Что можно сказать о Натали? Стройная кареглазая брюнетка с потрясающим
вкусом, она была автором столь трогательных любовных историй, как
"Своевременный поцелуй!" "Только для тебя!" и "Не дай ему уйти!" - историй,
где девушки бегут через пустырь и их волосы треплет ветер, архитектор
приятной наружности в тридцать пять лет остается вдовцом с пятилетней
девочкой на руках и новеньким "Мерседесом" (модель кабриолет) в гараже: все
это - с небывалым количеством восклицательны знаков. Именно Натали была той
осью, вокруг которой вращался наш мирок - мирок, начинавший причинять все
больше хлопот местному почтальону: с каждой неделей его сумка становилась
тяжелее и тяжелее. "Не понимаю, как это у вас получается: столько народу в
одной маленькой квартирке..." - мог бы сказать он, подозрительно поглядывая
на нас и протягивая нам увесистую кипу конвертов, на которых, выведенные
нашим пером, значились в качестве адресатов Норман, Джек, Милл, Питер и
Вера, Барби и Ната, - как мы привыкли звать промеж себя наших питомцев.
Однако нет никаких сомнений: именно Натали не давала всем нам разбежаться в
разные стороны - Натали с ее обаянием, Натали, никогда не терявшая веры,
даже в самые черные дни, когда отвергнутые рукописи низвергались из
почтового ящика подобно Ниагаре, а затраты на бумагу и ленту для пишущей
машинки превышали доходы от нашего предприятия.

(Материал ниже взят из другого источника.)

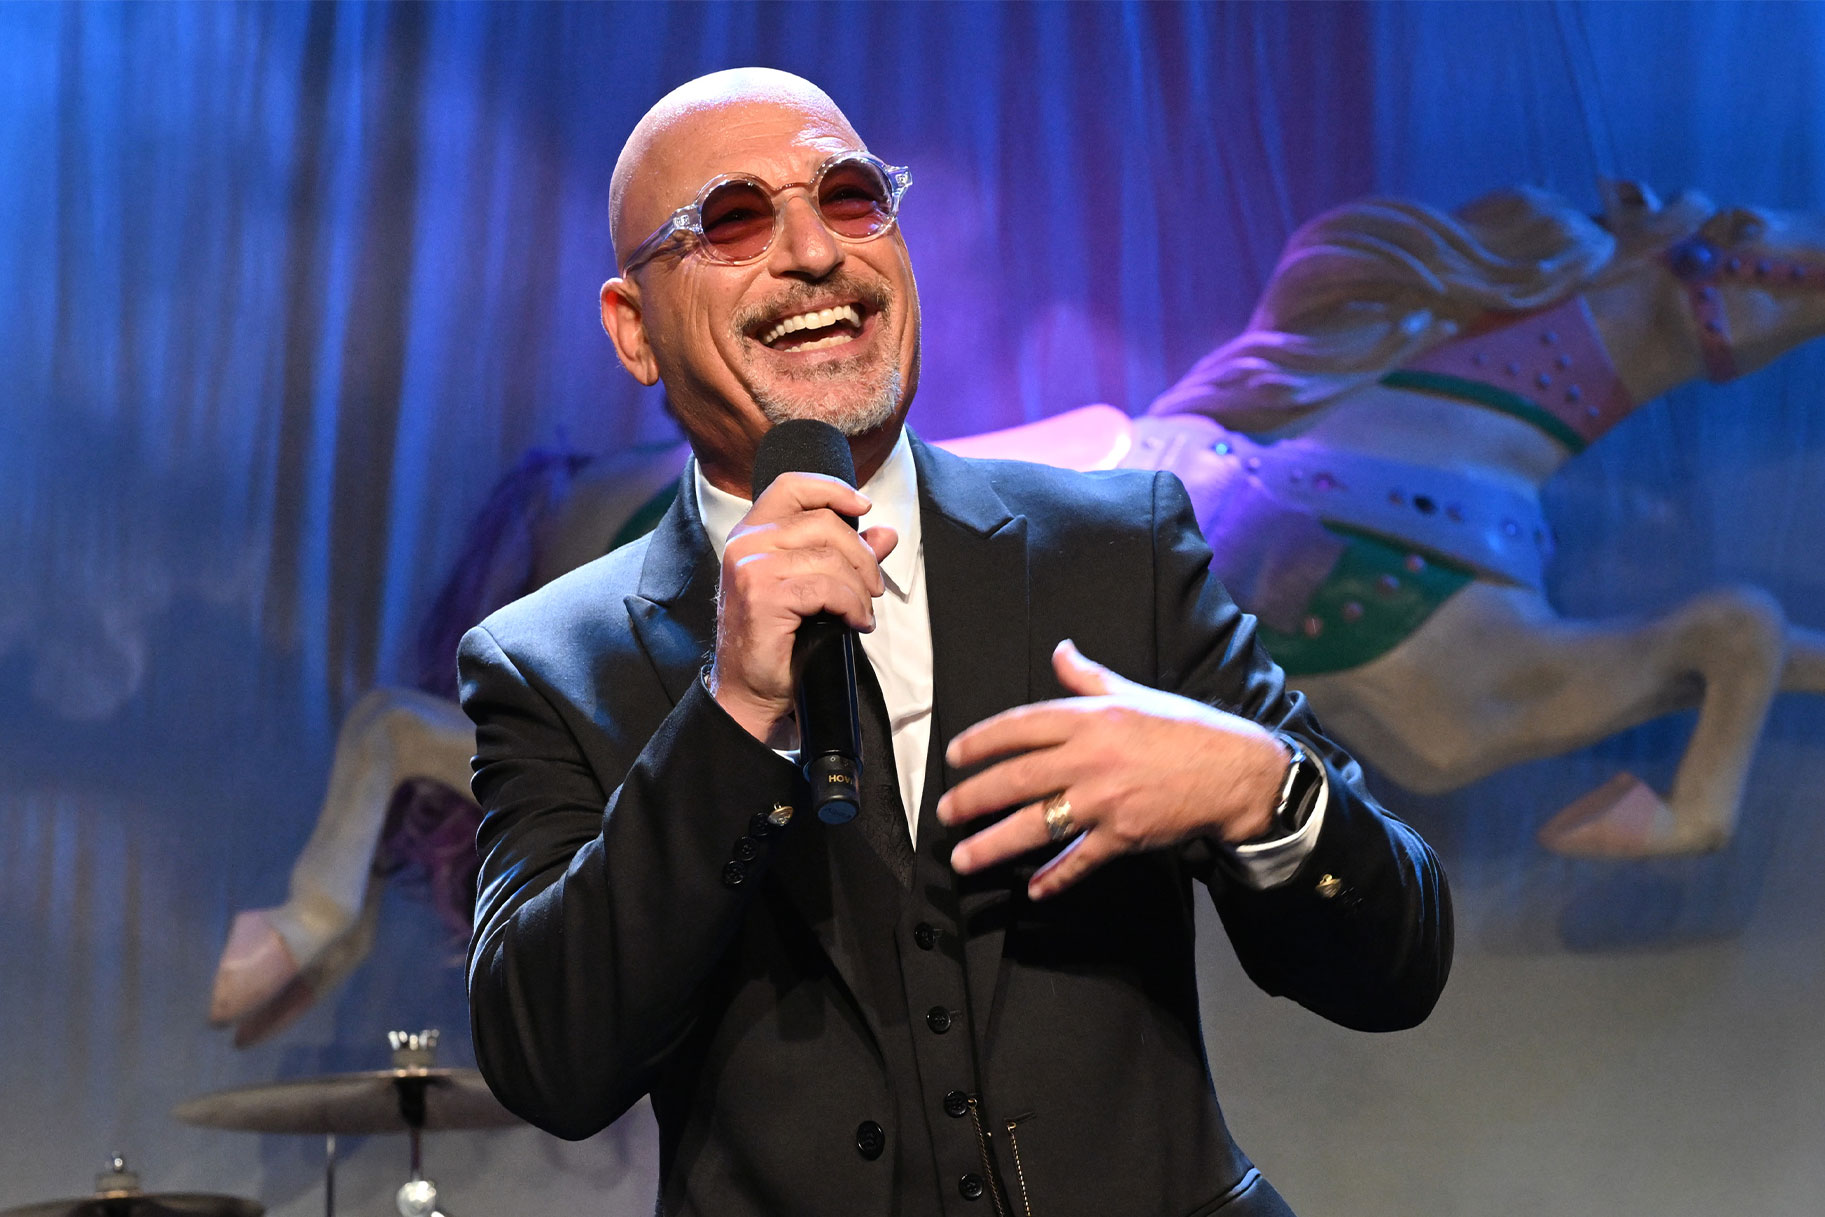 Howie Mandel smiling and speaking into a mic onstage

Быть фабрикой по производству текстов - тяжкий труд. Спакс разработал
особую систему дистрибьюции нашей продукции - не менее эффективную, чем
сложившаяся в первые дни система производства, - хотя поначалу наша
эффективность была еще не столь велика. На стене над почтовыми ячейками с
написанными на них именами Нормана и Наты, Питера и Барби был прикреплен
график рассылок, отражающий все перемещения наших текстов: здесь указывались
все журналы, в которых мог быть спрос на творения наших авторов. Каждый день
каждый "автор" посылал по рассказу в один из журналов, и все мы садились
ждать, что из этого получится. Я и поныне задаюсь вопросом, постигли ли
господа английские редакторы, столь беззаветно посвятившие свое время чтению
наших опусов, истинные причины вопиющего роста их рабочей нагрузки в тот
год. Ибо, едва только рассказ возвращался (а случалось это куда чаще, чем
нам того хотелось), мы тут же переправляли его в другой журнал, а
отвергнувшим наш шедевр редакторам посылалась свежая история. Эта система
гарантировала, что на каждом редакторском столе в Англии (мне тут же
вспоминаются адреса журналов - почему бы не назвать один из них, благо,
выводить его на конвертах приходилось чаще других: "Брим Билдинг") всегда
лежал тот или иной рассказ одного из наших авторов - а порой и всех разом.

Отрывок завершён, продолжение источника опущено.